By Scottsdale Pinetop
Arizona continues to be a hot spot for new residents – even amid a global pandemic. The state is among the top five fastest-growing states in the U.S with a population of approximately 7.3 million. According to the U.S. Census Bureau, between 2010 and 2019, Arizona’s population grew by 9.3% from migration alone, more than every other state with the exception of Florida and Nevada.
But you know what hasn’t grown? Arizona’s Legislature.
Under the current system, Arizona is divided into 30 legislative districts that contain about 243,000 residents. Every district elects two representatives and one senator to represent every constituent within that district. That’s a lot of ground to cover. To put that in perspective, the only states that have a higher ratio of residents to house members are California, Texas, Florida and New York.

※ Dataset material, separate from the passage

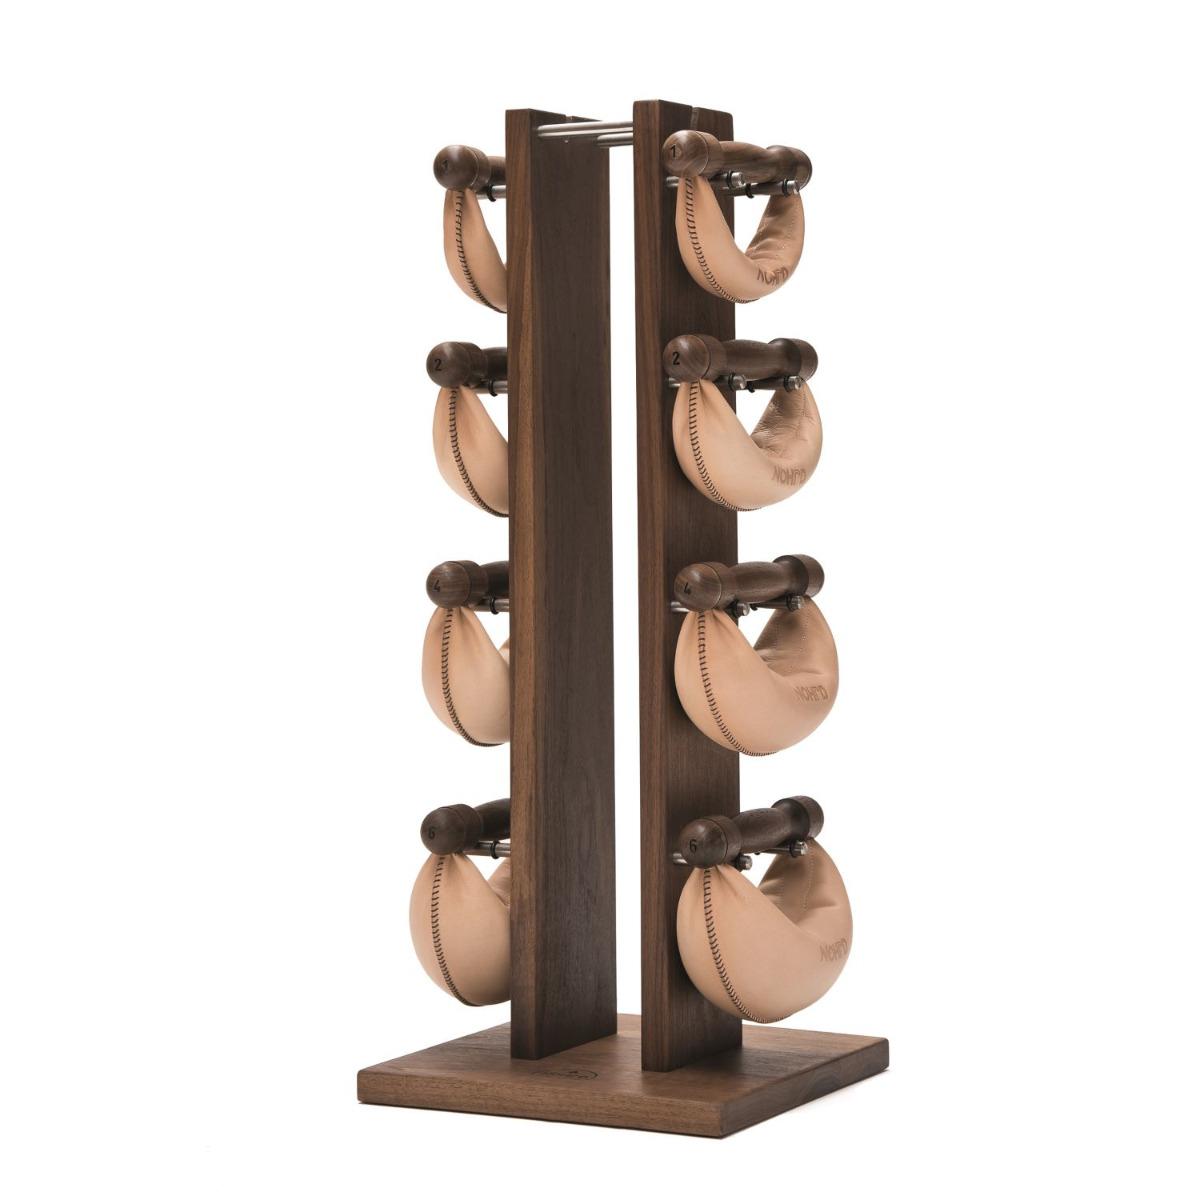 NOHrD Swing Bells & Tower Set - Walnut (Classic)

However, two longtime Arizona lawmakers are determined to rethink how state government works. Sen. J.D. Mesnard (R) is proposing a constitutional amendment, known as SCR 1005, which seeks to divide each of the state’s 30 districts into three House districts to expand the state House to 90 members will leave the Senate at 30 members. And he’s got the support for fellow Republican Sen. T.J. Shope.
“The more constituents one represents, the worse the representation is,” Sen. Mesnard said in an interview with Arizona Capitol Times. “There’s only so much time in the day, only so much bandwidth to try to reach out to a large number of constituents.”
But not everyone is supportive of the proposal with most of the opposition coming from across the aisle. Some Democrats view this as a plan to over-represent red rural districts and bolster the Republican presence in the House. But this argument doesn’t make sense. Rather Democrats should be embracing this proposal.
Legislative districts are determined by population, not political party lines. And while redistricting 90 House districts instead of 30 would certainly create more rural areas, it would also create more urban and suburban areas that are generally known as Democrat strongholds. Sen. Mesnard’s proposal should be welcomed by Arizona Democrats as they continue to struggle when it comes to winning state legislature races.
But ultimately, this decision will be left to Arizona voters. Right now, SCR 1005 awaits hearings in the Senate Appropriation and Government committees. If approved, voters wouldn’t have the opportunity to approve or reject the plan until Nov. 2022. To me – it makes sense. Arizona’s legislature should reflect its constituents, not just in political views, but also in size. As our state continues to grow and grow, so should our government entities and elected officials. Let’s not be behind the eight-ball on this one.